Collected material:
"""

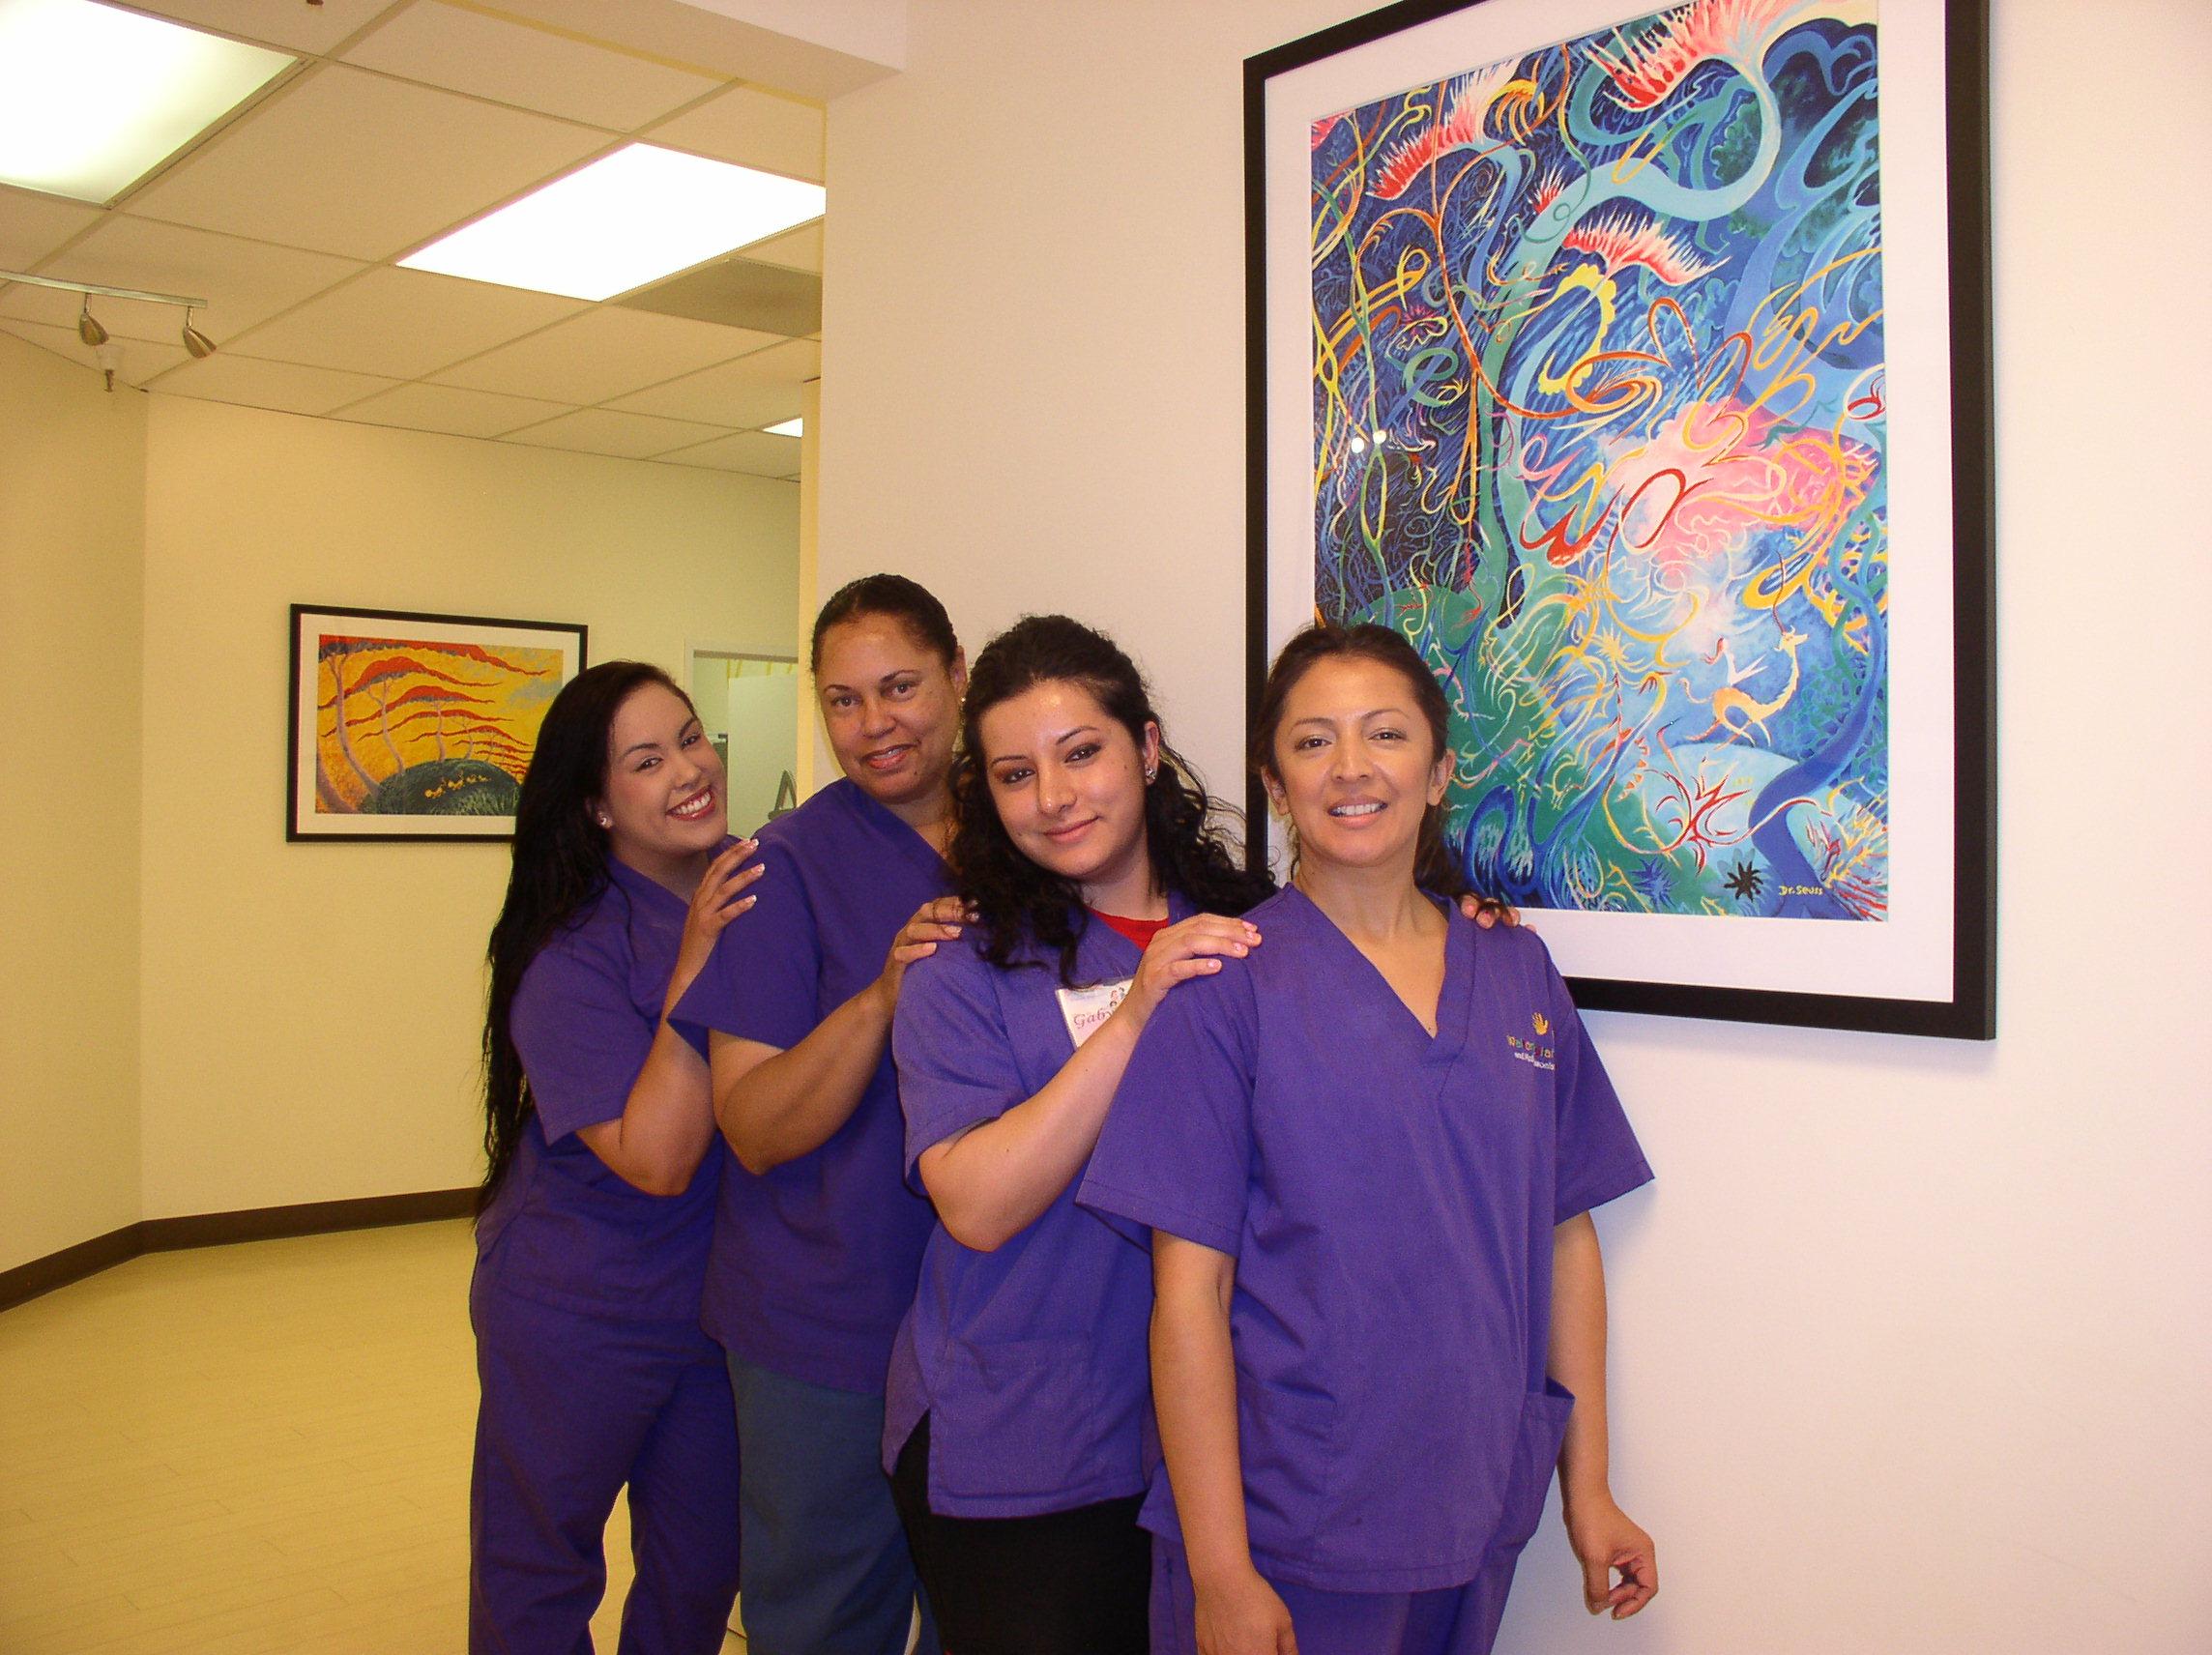 Walton Pediatrics Dr. Suess Gallery!
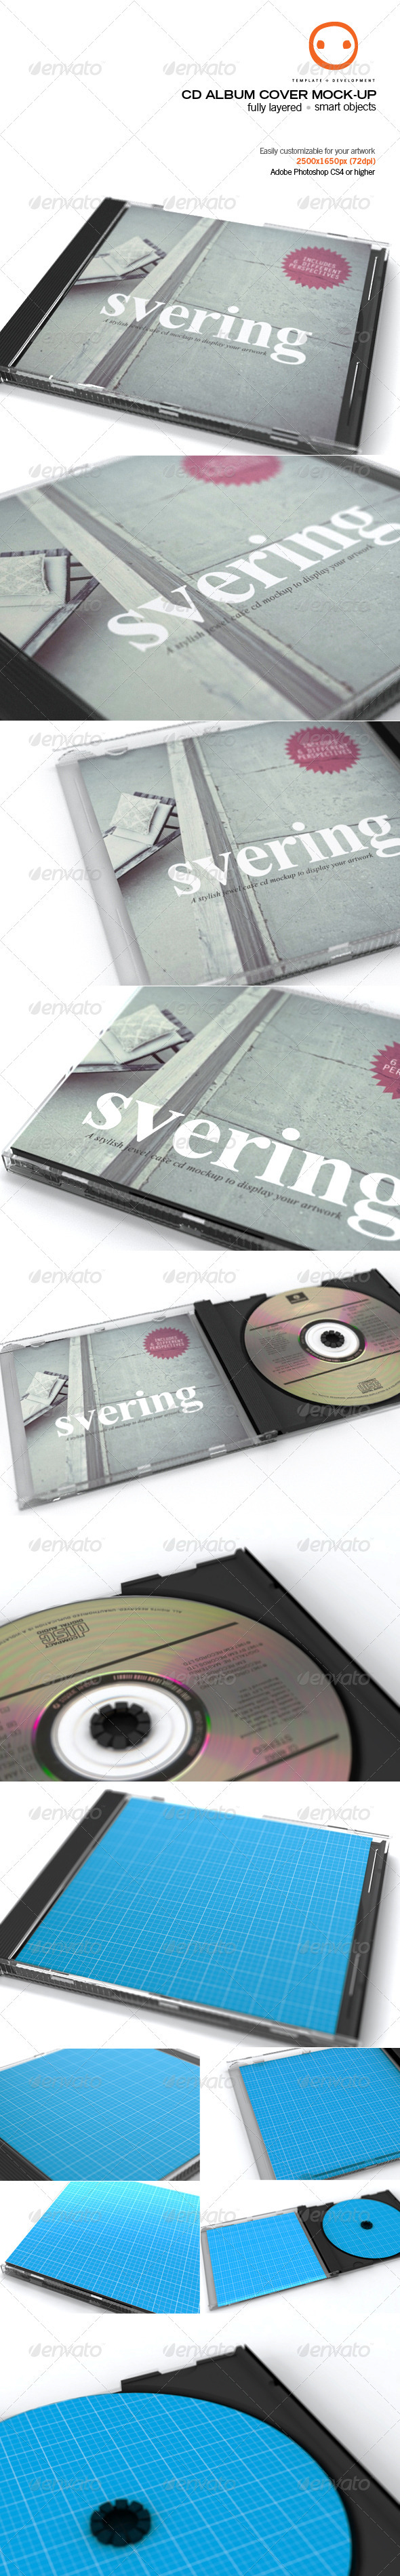 CD Album Cover Mock-up - Discs Packaging
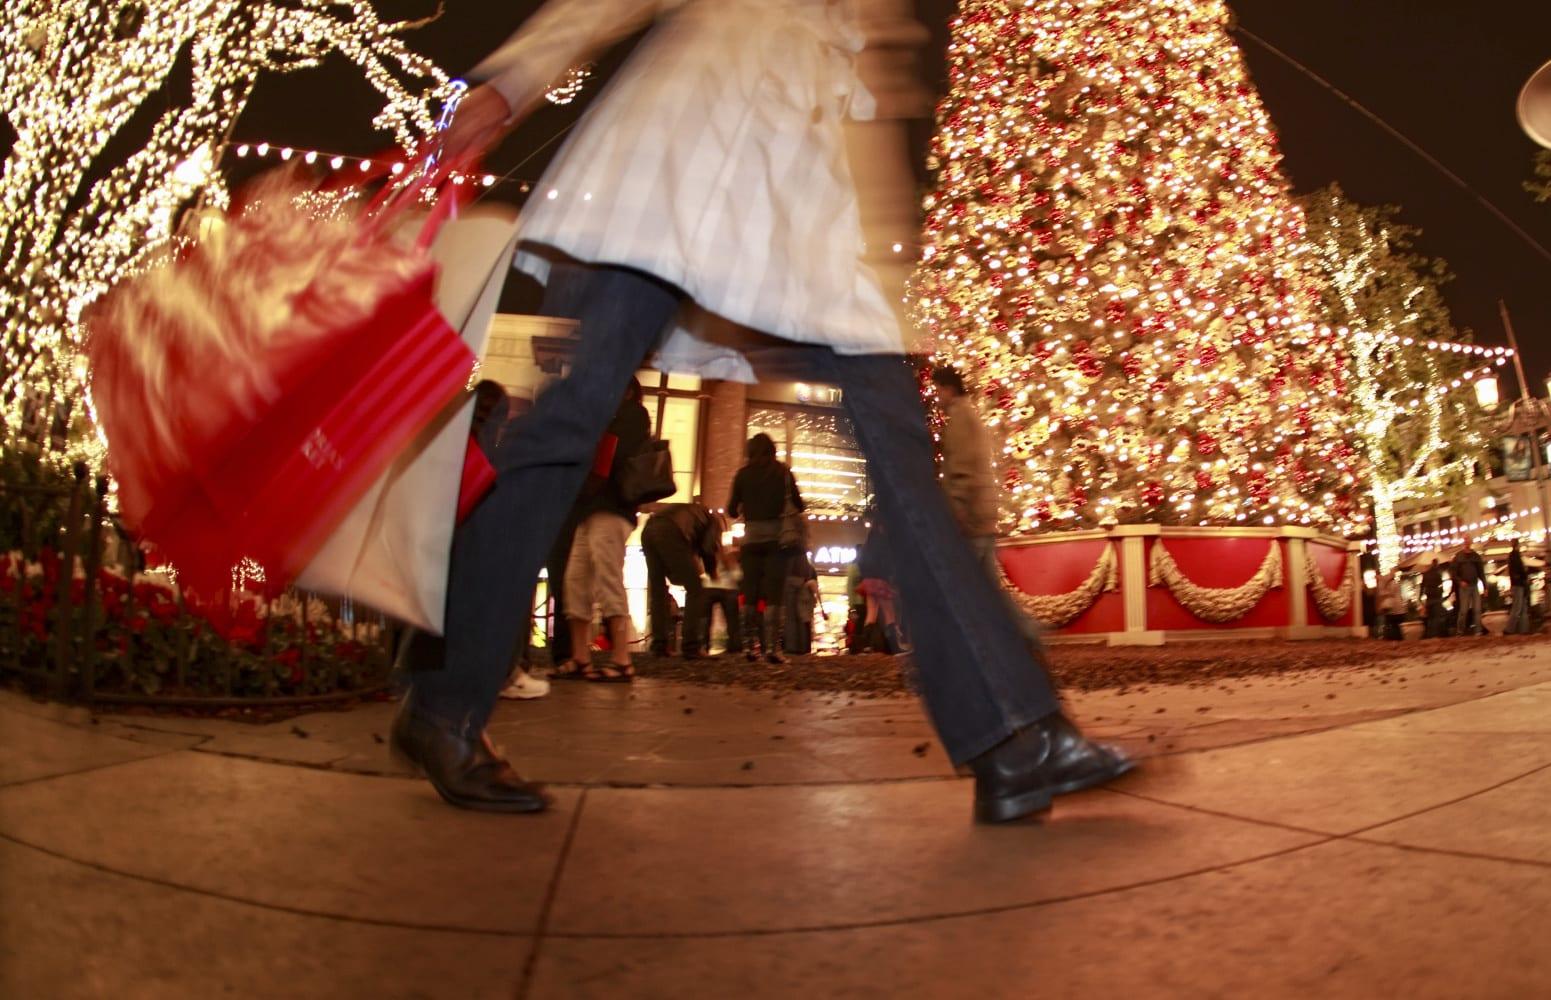 AEGON - Gastos Navidad

"""

Exercise requirements: Everything in the listing above, apart from its pictures, must be repeated exactly.

Solution to the exercise:
 Walton Pediatrics Dr. Suess Gallery!
 CD Album Cover Mock-up - Discs Packaging
 AEGON - Gastos Navidad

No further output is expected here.